# TT hubs on mk4 golf



## lukeleon94 (Feb 23, 2016)

I'm just collecting parts now for the TT front set up on my mk4 platform car it's a tdi just want to know because I can't find out what have I got to do with the wheel bearings ect
Thanks in advance 


Sent from my iPhone using Tapatalk


----------



## blue bags (Jul 1, 2009)

Lower control arms, knuckles, just do new wheel bearings while they are apart, and tt ball joints. By far the best thing I did when I had my gti. If I knew how much of a difference it would have made at the time I would have done it alot sooner.


----------



## lukeleon94 (Feb 23, 2016)

Wow does it really make that much difference?? 


Sent from my iPhone using Tapatalk


----------



## blue bags (Jul 1, 2009)

I was running pretty aggressive front wheels, 17x10s, so the little camber adjustment was helpful, and it corrects the suspension geometries a bit too so dont get the axle bind at low ride heights when turning, and having the additional tierod clearance makes it a bit easier


----------



## lukeleon94 (Feb 23, 2016)

That's wicked to know bud thank you your a star 


Sent from my iPhone using Tapatalk


----------



## pgringo (Sep 1, 2011)

Is there a known "best place" to buy these parts these days?

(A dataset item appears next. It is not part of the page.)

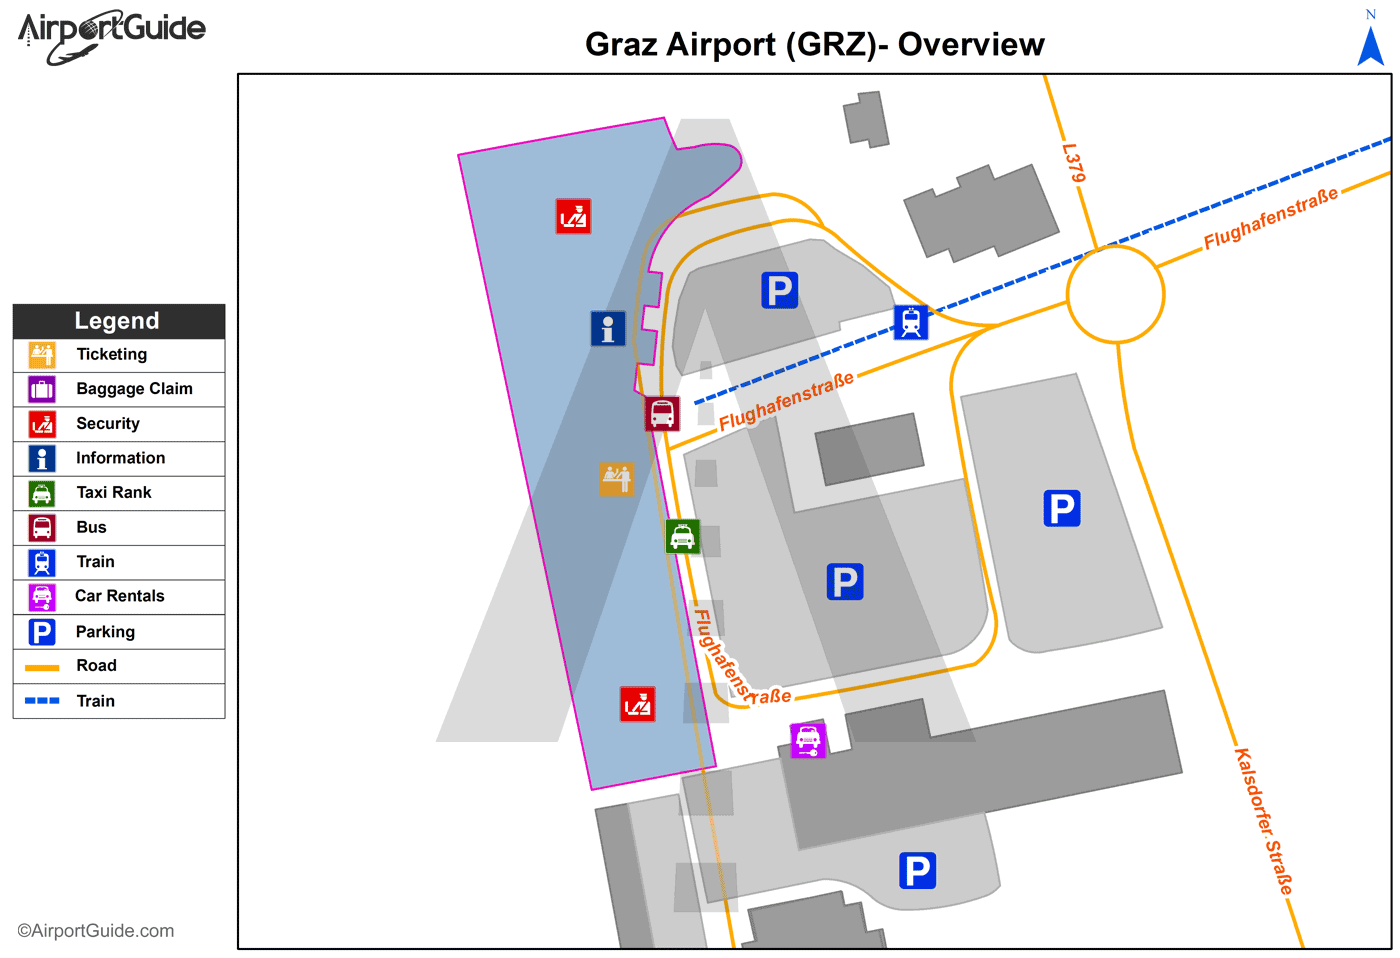 Graz - Graz (GRZ) Airport Terminal Map - Overview
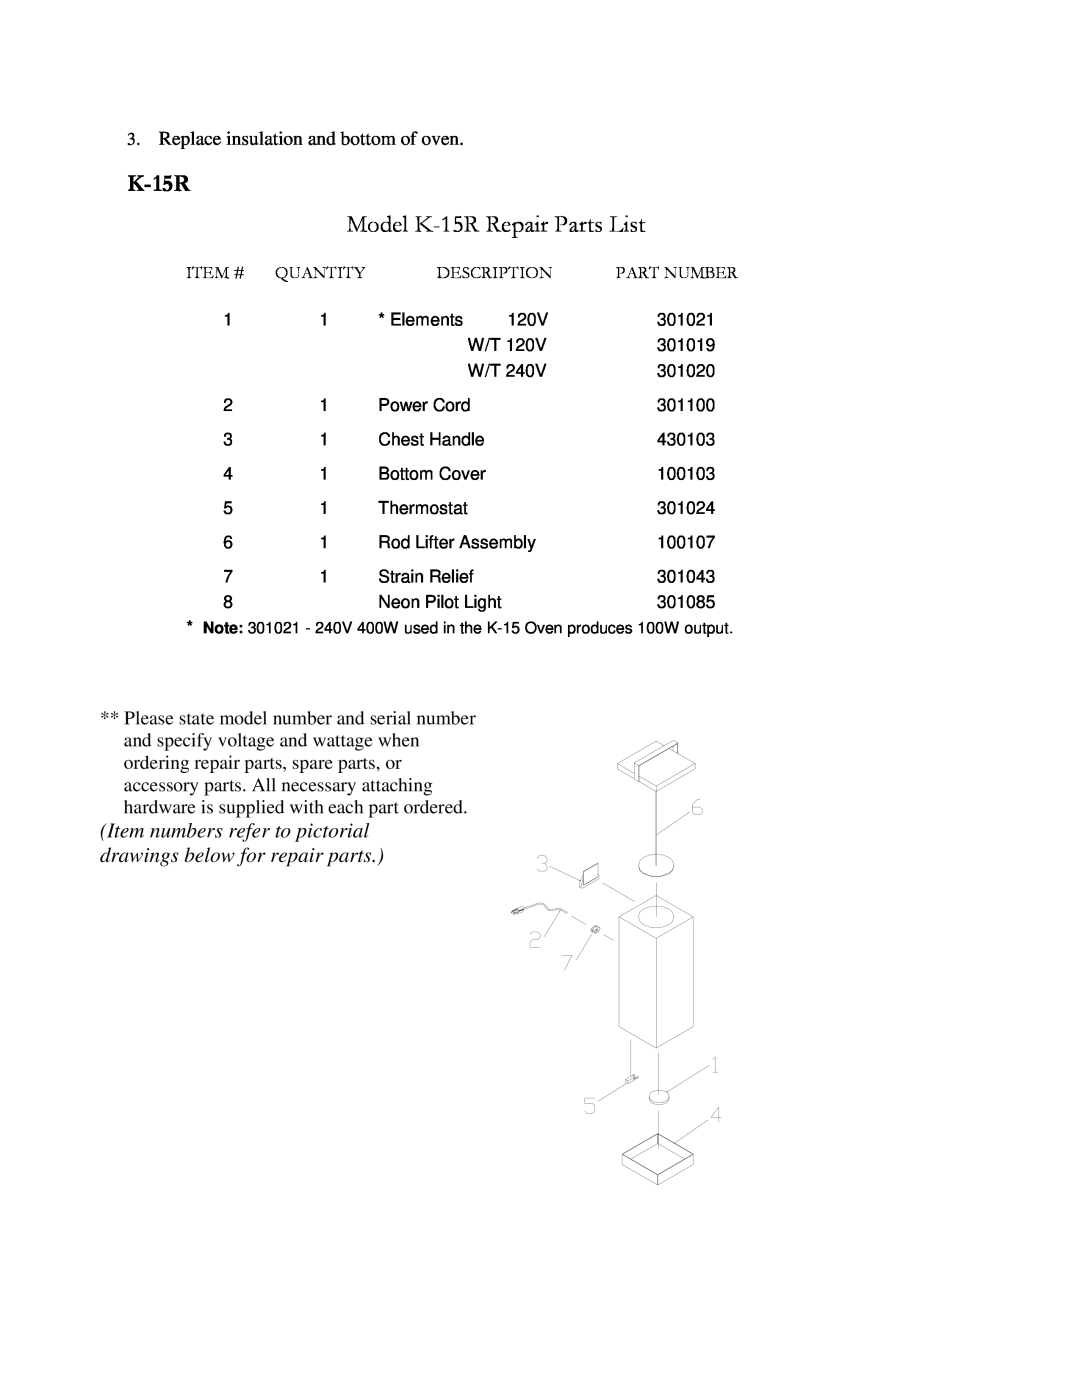 Henkel manual Model K-15RRepair Parts List

Sent from my SGH-T889 using Tapatalk


----------



## lukeleon94 (Feb 23, 2016)

Parts being what mate?? 


Sent from my iPhone using Tapatalk


----------



## pgringo (Sep 1, 2011)

TT lower control arms and hubs.

Sent from my SGH-T889 using Tapatalk


----------



## blue bags (Jul 1, 2009)

you can get them from a dealer, or used. I personally pieced my setup together, spindles I got from a friend who ended up not using them, control arms from a used parts yard, and ball joints and bearings new from the dealer. calling some local yards is a good first place to check Id say, I did have one issue with a bent spindle, couldn't tell by eye at all, i was only able to tell because One wheel made slight contact with the strut and the other didn't, so with used thats a potential risk


----------